MOSCOW — Gazprom, the Russian gas monopoly, halted nearly all its natural gas exports to Europe on Tuesday, sharply escalating its pricing dispute with neighboring Ukraine. The cutoff led to immediate shortages from France to Turkey and underscored Moscow’s increasingly confrontational posture toward the West.

Across Europe, countries reported precipitous drops in gas pressure in their pipelines at the peak of the winter heating season in a bitterly cold January.

In one sign of the extent of the shutoff, Ukraine’s president, Viktor A. Yushchenko, said Gazprom intended to halt all shipments passing through his country, which account for about 80 percent of Russian gas exports to Europe. Europe, in turn, depends on Russia for 40 percent of its imported fuel.

While each side blamed the other for the scope of the latest drop in gas shipments, Russia’s prime minister, Vladimir V. Putin, had personally announced Monday evening on state television that he was ordering a sharp reduction in gas flows, saying Ukraine was siphoning gas from the pipelines without paying.

For Mr. Putin, the escalation comes at a perilous time, as slumping energy prices threaten the fiscal health and political stability that have underpinned his popularity at home.

Some analysts of Russian politics had expected Mr. Putin to become more conciliatory as energy prices fell. Instead, he has taken a hard line in seeking to raise gas prices in Ukraine and perhaps create panic-buying on the international market, where prices of natural gas and oil, Russia’s leading exports, have fallen sharply in recent months.

“They’re still playing hardball, when they have to realize the rules have changed,” Marshall I. Goldman, a senior scholar in Russian studies at Harvard and the author of the recent book “Petrostate: Putin, Power and the New Russia,” said in a telephone interview. “It happened so quickly that I don’t think they’ve had time to realize the implications.”

With temperatures plunging, European leaders expressed mounting concern. Some countries announced rationing for industrial customers to reserve enough heating for residential buildings.

A spokesman for the European Commission said that the cut had come “without prior warning and in clear contradiction of the reassurances given by the highest Russian and Ukrainian authorities,” adding, “This situation is completely unacceptable.”
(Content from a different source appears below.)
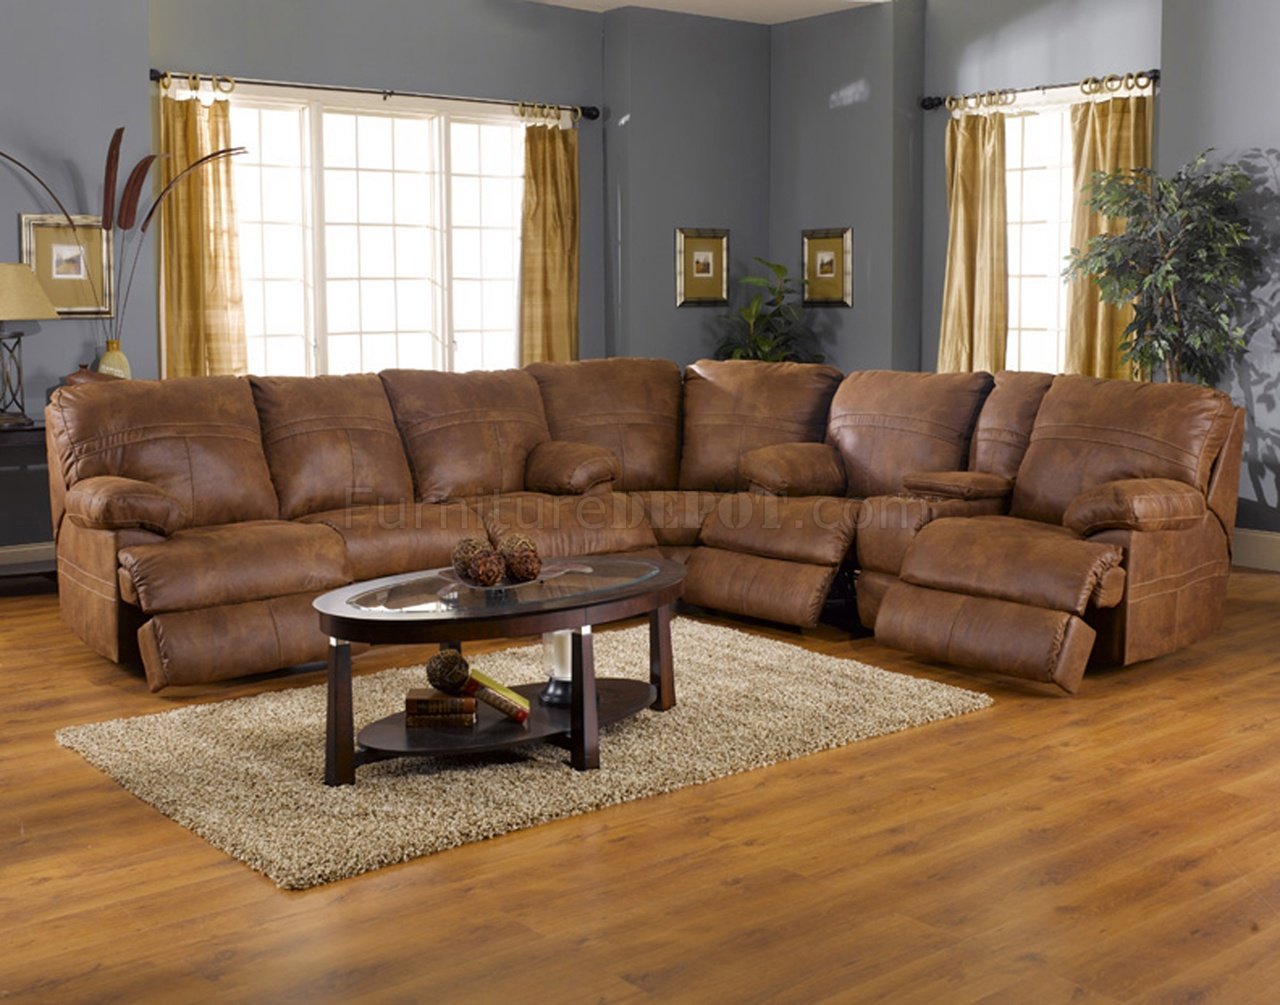 Rich Tanner Faux Leather Fabric Ranger, Faux Leather Sectional

By Tuesday evening, even as more than a dozen European countries faced the risk of shortages of heating fuel, Gazprom threatened additional cuts.

The cutoff appears to have multiple aims.

Ukraine has angered Russia by seeking membership in the North Atlantic Treaty Organization, as has Georgia, a country Russia fought a brief war against last summer.

Mr. Putin is also under heavy pressure domestically. Oil and gas exports provide about 60 percent of the Russian budget; oil prices, meanwhile, have fallen by about two-thirds since their peak last summer.

The effects are rippling through the economy. The ruble is being devalued, Russian companies are facing bankruptcy and the government’s huge budget surplus will turn into a deficit next year if prices do not rebound, analysts say.

At the same time, Russia’s relations with the West slumped to post-cold-war lows after Russia sent troops into Georgia in August.

Even as Russia will need foreign investment to offset dwindling energy export revenues, options are dwindling for attracting investors to a country that even in the best of times had a poor track record of property rights.

“The Russian elite mind-set right now is a residue of petro-confidence slamming into the financial crisis,” said Cliff Kupchan, a director at the Eurasia Group, a global risk-consulting firm based in New York. “So in my view, they’re confused about whether to seek help from the international financial system to solve their problems that way or continue a bare-knuckled approach to the world.”

Gazprom is seeking to raise the price Ukraine pays for gas to $450 per 1,000 cubic meters, from $179.50 last year.

It also wants to collect what it says are fines for late payments on previous shipments.

Ukraine has in turn demanded that Gazprom pay more to transship gas to Europe.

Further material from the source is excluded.